= Murder of Dayana Kenia Zárate Bustamante =

2016 murder of a trans woman in Bolivia

The murder of Dayana Kenia Zárate Bustamante was a crime that took place on 1 April 2016 in Santa Cruz de la Sierra, Bolivia, in which Dayana Kenia Zárate Bustamante, a Bolivian trans woman and entrepreneur, was tortured and murdered by her partner in order to steal her savings. In November 2017, the main perpetrator was sentenced to 30 years in prison without the possibility of pardon, the maximum penalty under Bolivian law. The case is noteworthy as it was the first murder of a trans person in Bolivia that reached trial and resulted in a conviction.

== Background ==
Zárate was born in La Paz in July 1992, into a family with limited financial resources. Around 2013, she moved to Santa Cruz de la Sierra in search of better economic opportunities, intending to support her parents and siblings. In the eastern part of Bolivia, she publicly assumed her identity as a woman; her parents, who resided in the west of the country, were unaware of that part of her life and would only learn of her identity after her death.

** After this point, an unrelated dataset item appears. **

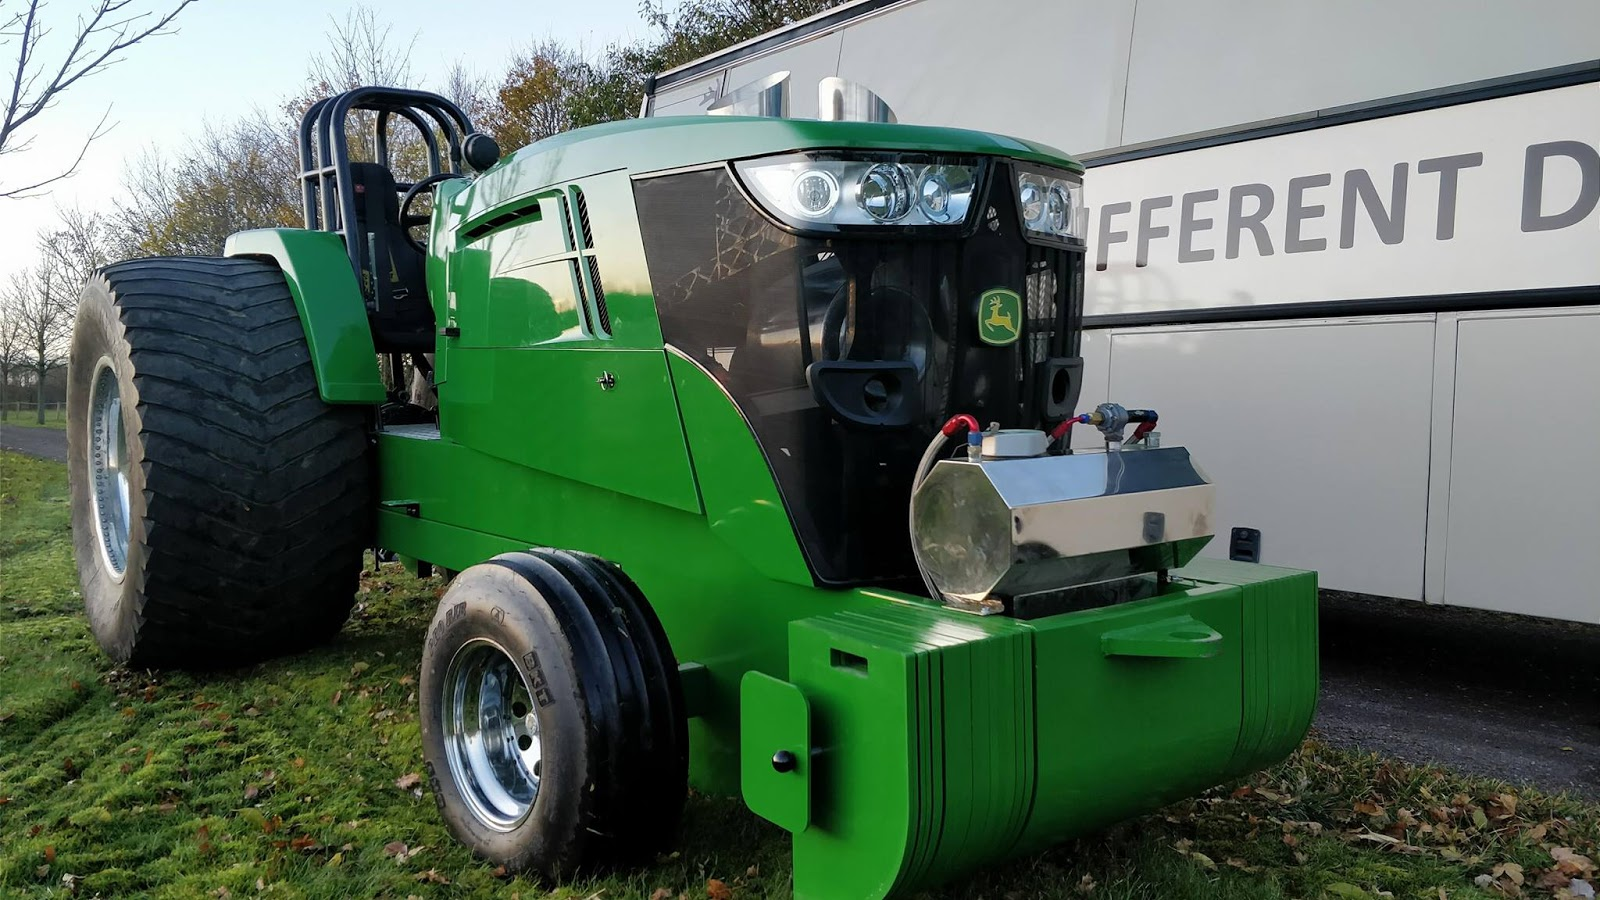 John Deere Super Stock Pulling Tractors : Tractor pulling news pullingworld the new

In Santa Cruz, she managed to establish a small music and liquor establishment of her own, with which she worked as an entrepreneur. She saved money with the intention of completing her gender transition. There, she became friends with the activist, lawyer, and stylist Ninon Vidangos, who would later take on her case.

== Murder ==
A month before her death, Zárate hired Alex Villca Valdivieso, a native of Potosí, as an employee in her establishment, with whom she soon began a romantic relationship. Villca knew about the 5,000 US dollars she had gathered for her surgery.

On 1 April 2016, Zárate was found dead by a neighbour in the bathroom of her establishment. Her body showed wounds on her hands and feet, multiple cuts, cigarette burns on her face, and her throat had been slit. According to the investigation, she was assaulted with a knife to make her reveal where she kept the money before being murdered. Graciela Salazar Ibáñez was identified as an accomplice, whom Villca had previously introduced to the victim as his sister, although investigations established that she was actually his partner.

== Judicial process ==
Initially, the event was classified as homicide, which generated rejection among the family and the collectives that accompanied the case, who demanded it be treated as murder. The process lasted about a year and a half and went through numerous hearing suspensions. Despite their financial limitations, the victim's parents attended all the hearings in Santa Cruz and reported being mistreated by police officers and prosecutors.

On 24 November 2017, the Sentencing Court No. 12 of Santa Cruz sentenced Álex Villca Valdivieso to 30 years in prison, the maximum penalty in Bolivia, for the murder committed, according to the evidence, with extreme violence. The same court acquitted Graciela Salazar Ibáñez of the complicity charge. The Ministry of Justice of Bolivia followed the case and provided support to the family.

The legal proceedings involved the family, the Mujeres Creando collective, the Ombudsman's Office of Bolivia, various LGBTQ organizations, and lawyer Ninon Vidangos.

== Impact ==
The sentence was the first case of the murder of a transgender person in Bolivia that reached trial and resulted in a conviction, something made possible, according to David Aruquipa, by the perseverance of the victim's family. Hate crimes were not classified in Bolivian legislation, so the event was not processed as such nor as a transfemicide. The draft of the Penal System Code was under debate in the Bolivian Senate around 2017, which would have allowed the consideration of transphobic motives.

As Zárate died before the entry into force of the Gender Identity Law in Bolivia, which allows trans people to modify their name and identity on official documents, she was buried with her registered name. On 1 July 2018, the date on which she would have turned 26, her parents placed a new headstone with her female name and surname, with the support of activist David Aruquipa.